__What this task involves__:
For this task, output exactly the lines of the material below starting at the line with "prada sunglasses white frame" and ending at the line with "Illustration vectorielle du"; pictures are to be excluded.

__Available data__:
::::
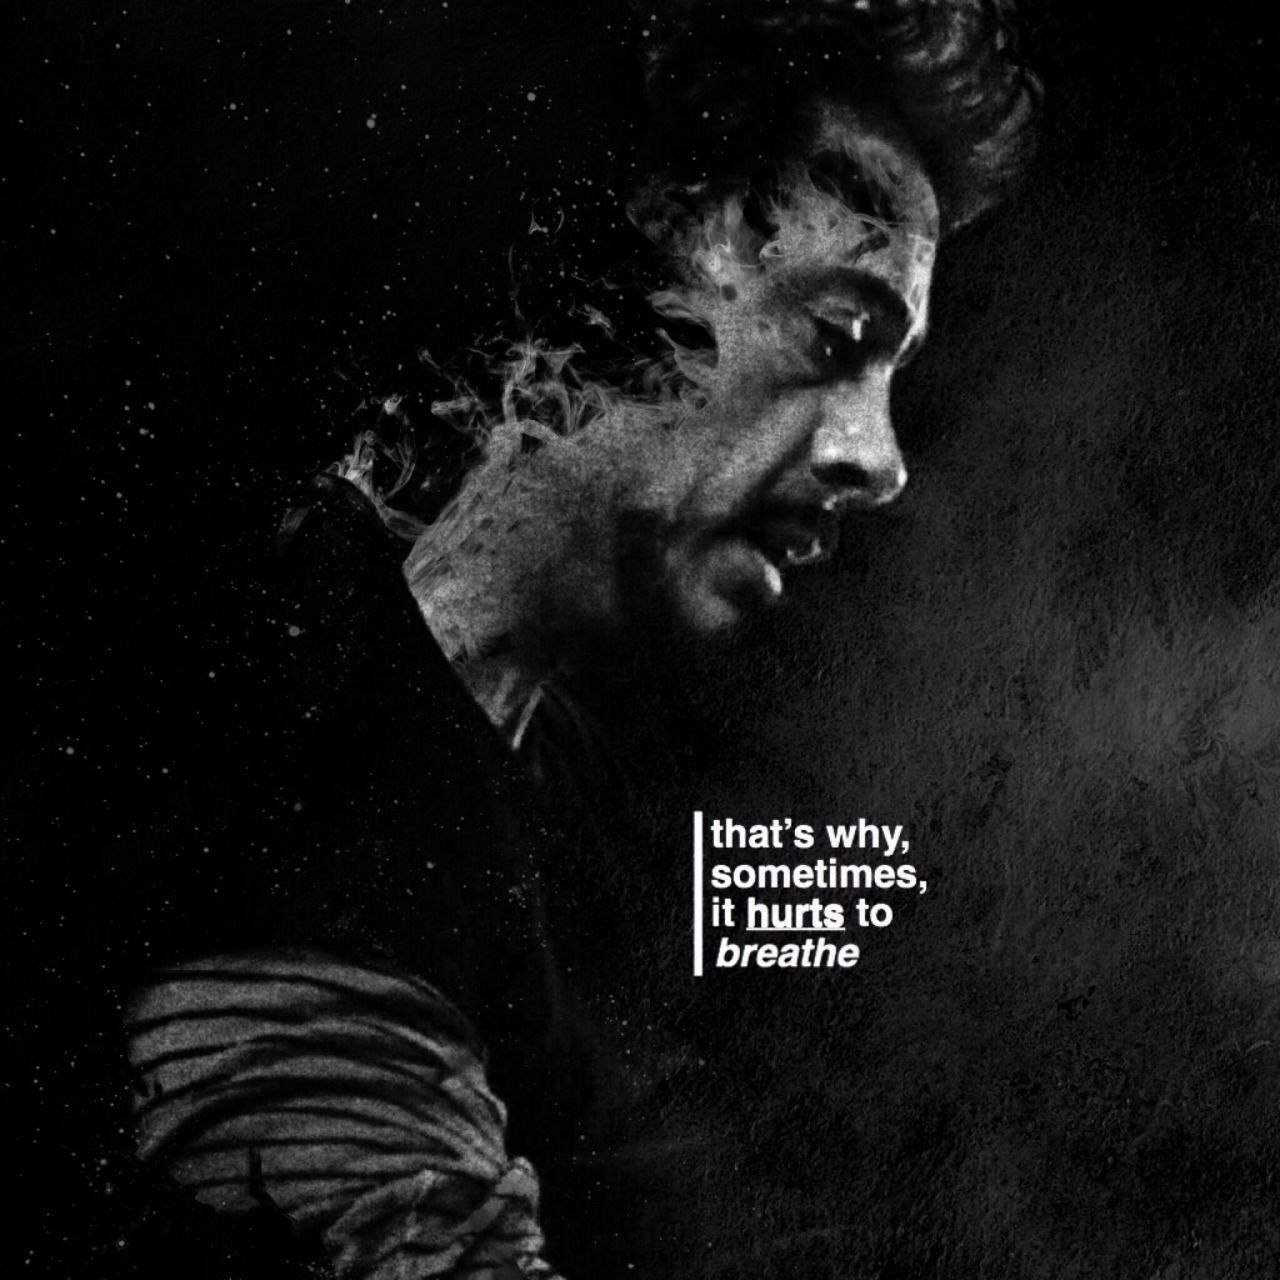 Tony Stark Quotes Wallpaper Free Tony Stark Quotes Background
::::
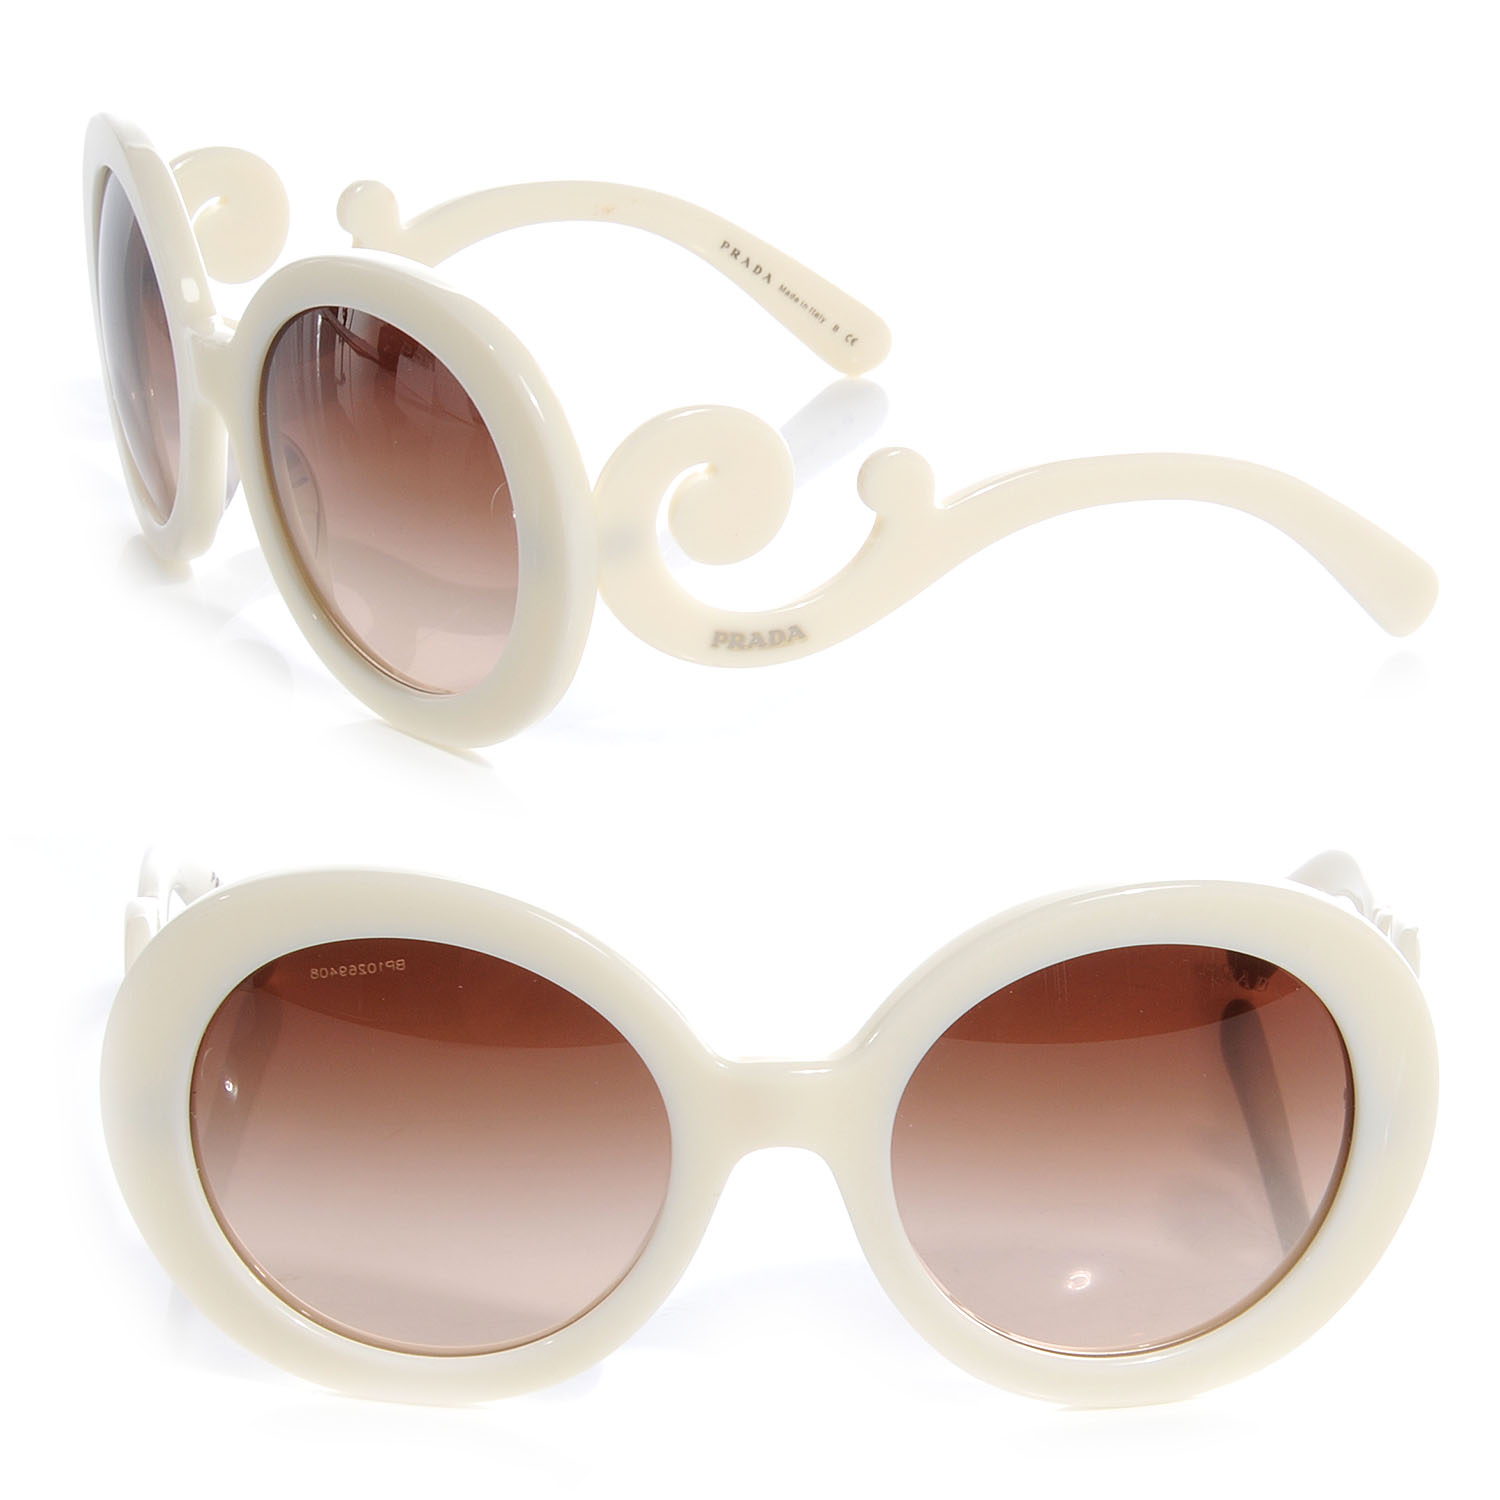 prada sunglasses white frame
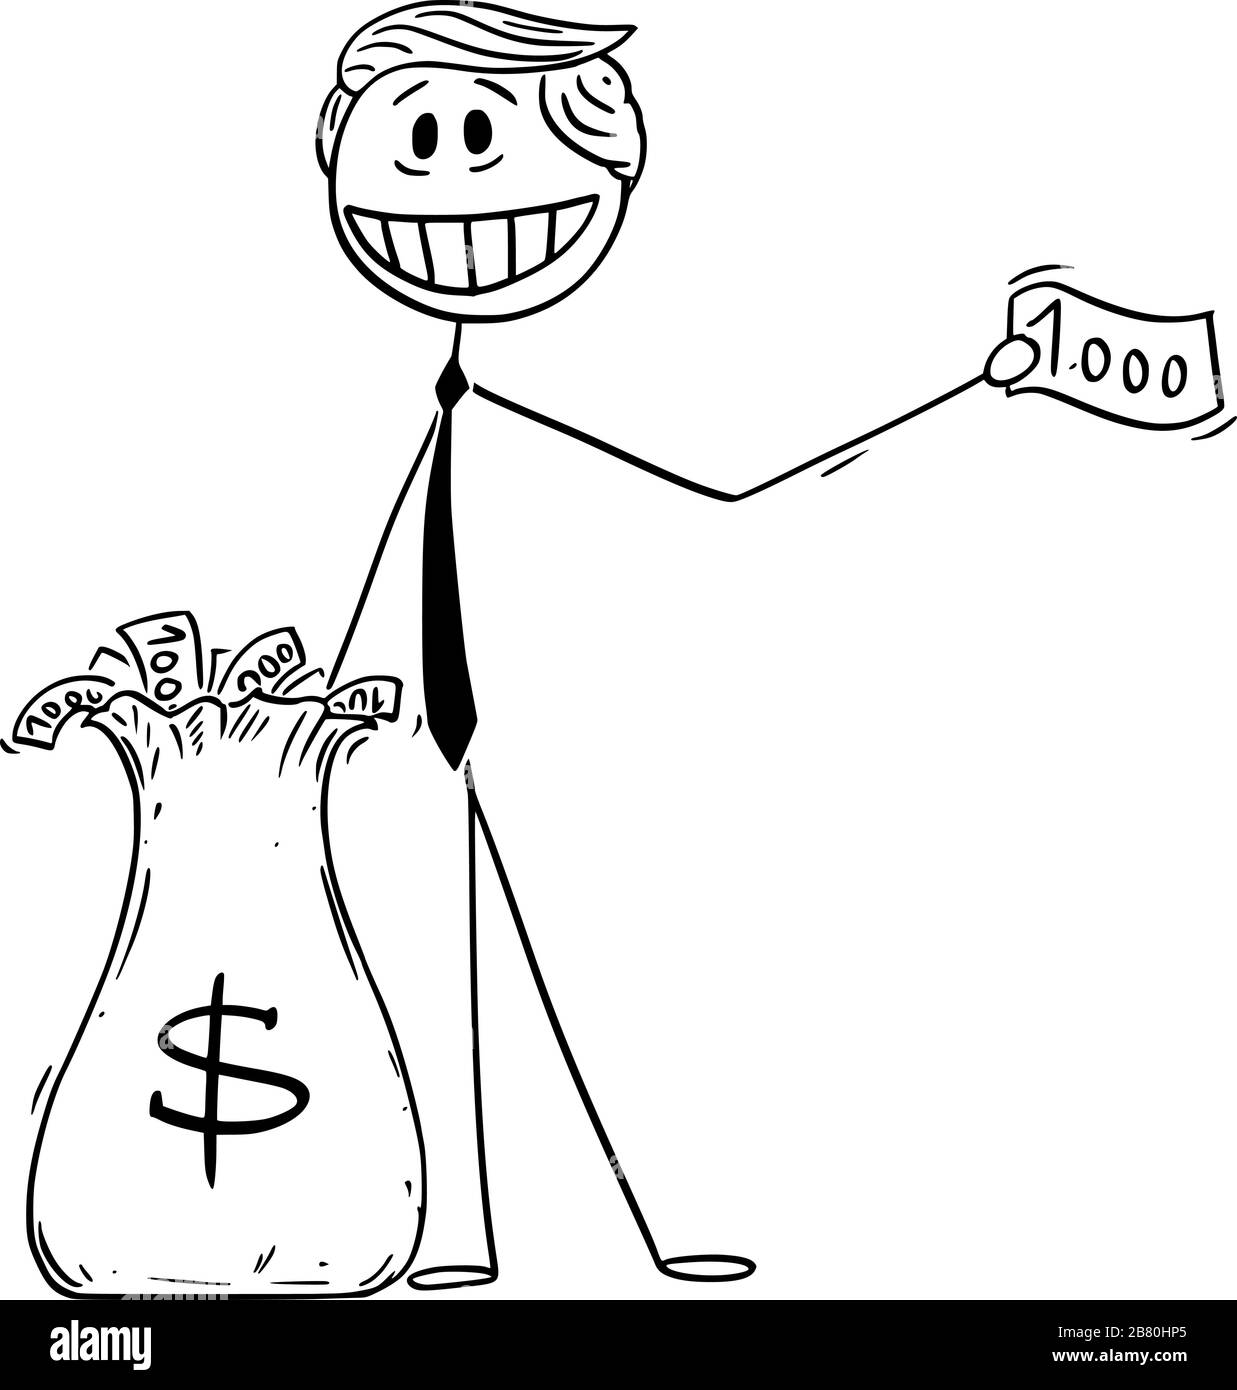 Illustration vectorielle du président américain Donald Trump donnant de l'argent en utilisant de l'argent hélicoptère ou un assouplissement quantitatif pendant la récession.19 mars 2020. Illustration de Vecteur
::::
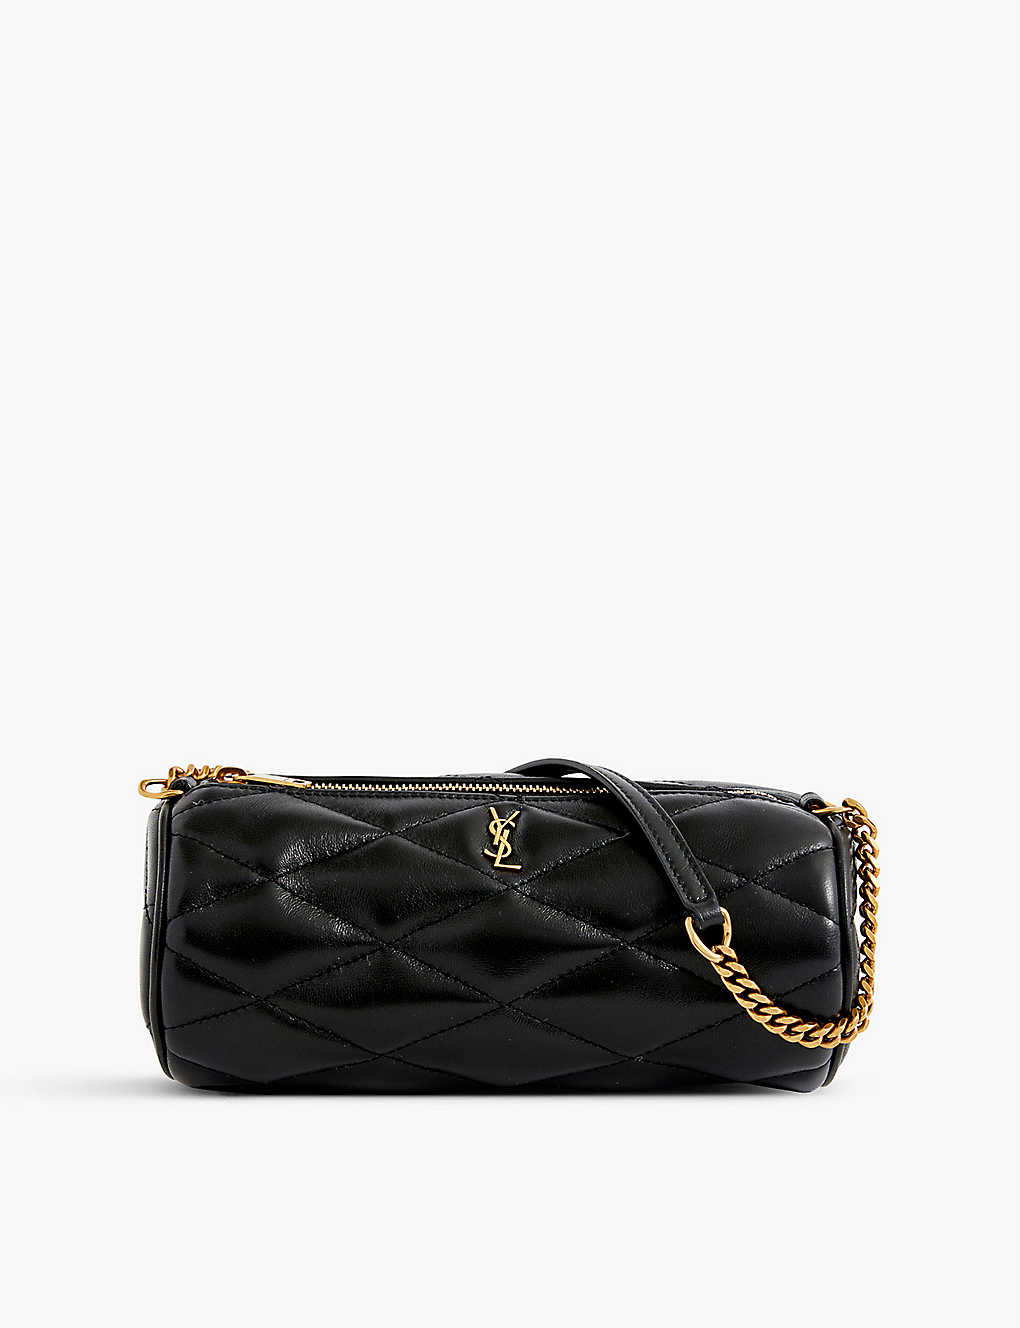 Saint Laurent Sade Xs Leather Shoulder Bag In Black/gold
::::
__Answer to the exercise__:
 prada sunglasses white frame
 Illustration vectorielle du président américain Donald Trump donnant de l'argent en utilisant de l'argent hélicoptère ou un assouplissement quantitatif pendant la récession.19 mars 2020. Illustration de Vecteur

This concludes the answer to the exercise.